CHICAGO, November 24, 2021 (GLOBE NEWSWIRE) – Universal life insurance is a type of permanent life insurance that offers flexible death benefits, premiums and cash value savings options. And while universal life insurance is usually a more complex life insurance product, those looking for the right life insurance may be wondering if it is even an option. The good news is that many people can qualify for universal life insurance, and there are several types to choose from.
What is Universal Life Insurance?
Universal life insurance is a permanent policy that offers lifelong coverage. Like term life insurance, it offers a death benefit that is paid tax-free to certain beneficiaries after the death of the policyholder. But universal life insurance also creates cash value. And with increasing cash value, profits grow tax-free.
When a policyholder makes a payment for universal life insurance, part of that payment goes towards fees and premiums, while the remainder goes to the present value account. And the policyholder can take out loans to this cash value account while they are still alive, albeit for a fee, as with a life insurance policy.
The big difference between whole life and universal life, however, is that with universal life insurance, the death benefit, the premium payments and the savings option can be flexibly adjusted. And the types of changes that can be made depend on the policy.
Types of universal life insurance
There are three main types of universal life insurance:
- Guaranteed Universal Lifetime (GUL): A GUL policy has a death benefit and premium payments that do not change. And this policy often has little or no cash value, which makes it the cheapest option. Policyholders should keep in mind that the policy can be terminated with a single late or missed payment, so they should ensure they can make consistent payments before submitting an application.
- Variable Universal Life (VUL): The advantage of a VUL policy is that the policyholder decides how the cash value of the policy is invested. And that means returns will depend on how well the assets are selected and how they perform over time. Policyholders can also choose a fixed rate investment if they do not want to manage the investments themselves. High fees and complexity mean a VUL policy needs to be thoroughly reviewed before it is committed. Also, keep in mind that this policy generally involves the risk of loss of present value and you should speak to a suitably licensed financial advisor before purchasing a variable policy.
- Indexed Universal Life (IUF): IUF policies can offer some flexibility in premium payments and death benefits. Part of the premium paid into the policy covers fees and charges, while the rest is included in the cash value. And the present value of an IUF policy can be tied to a stock market index like the S&P 500. But participation rates and caps can mean that the profits made on the account are only a fraction of what an investor would make by depositing funds directly into the exchange. Since IUF guidelines can also be complex, it can be important to understand the bigger picture and the projected returns before signing up.
Eligibility for universal life insurance
Several factors affect who can be approved for universal life insurance and how much it will cost:
- age: Insurers usually offer younger applicants better rates. And while policies can cover up to 100 years or more, the cost of purchasing a policy can be more expensive later in life.
- Bless you: People in better health are more likely to get admission and secure better premium rates.

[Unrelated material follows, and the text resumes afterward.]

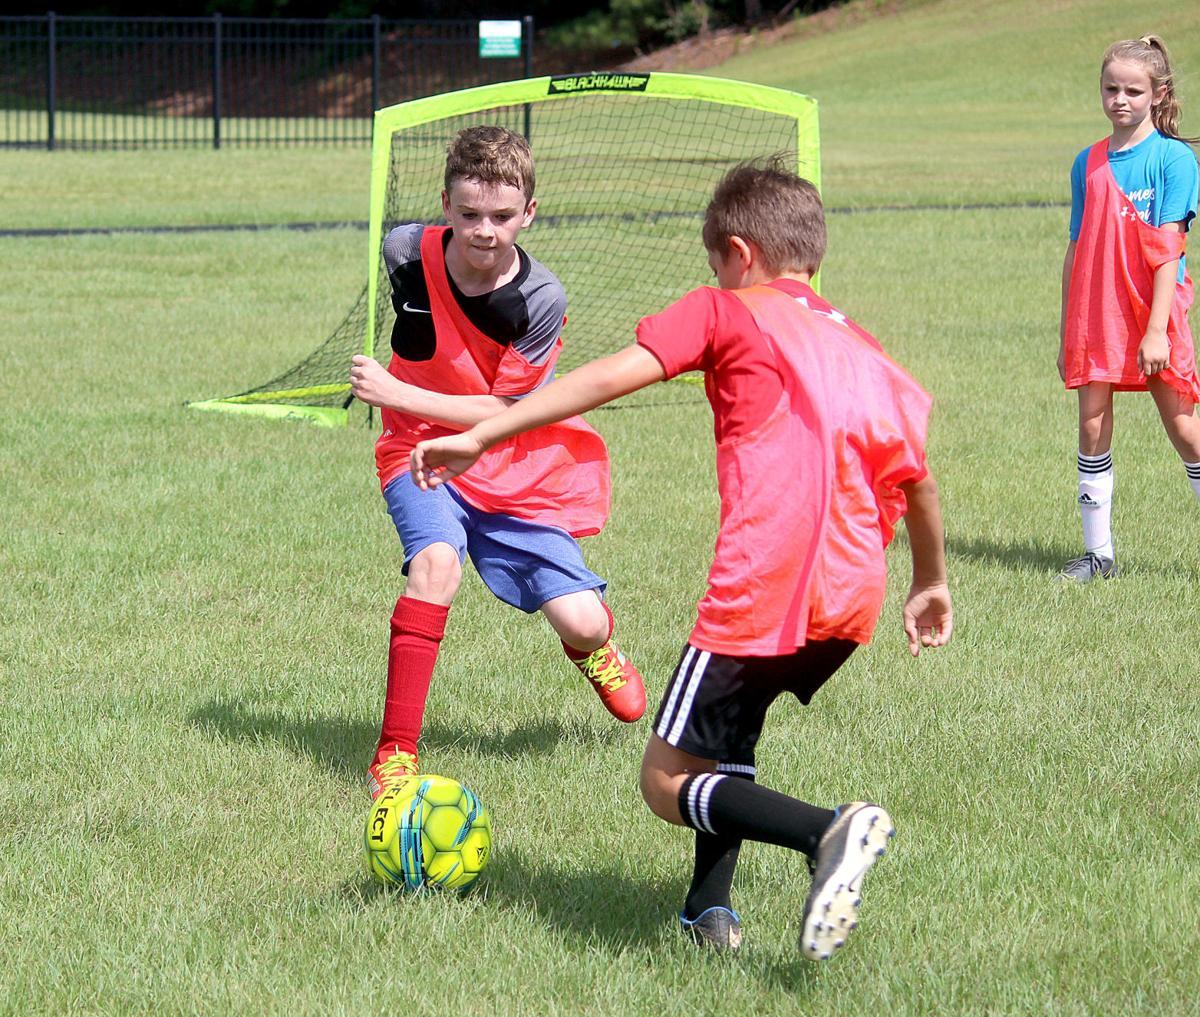 MCC soccer camp - Jack Hulbert

- lifestyle: Unhealthy habits like smoking, a risky lifestyle, or a high-risk job can lead to denial of coverage or higher premiums.
The bottom line
Universal life insurance is a complex financial product that combines life insurance with an investment component. While anyone can qualify for universal life insurance, insurers usually look to younger, healthy, and risk averse individuals to approve of the best rates. Anyone interested in universal life insurance should seek advice from a financial advisor to advise on the right step for their particular financial situation.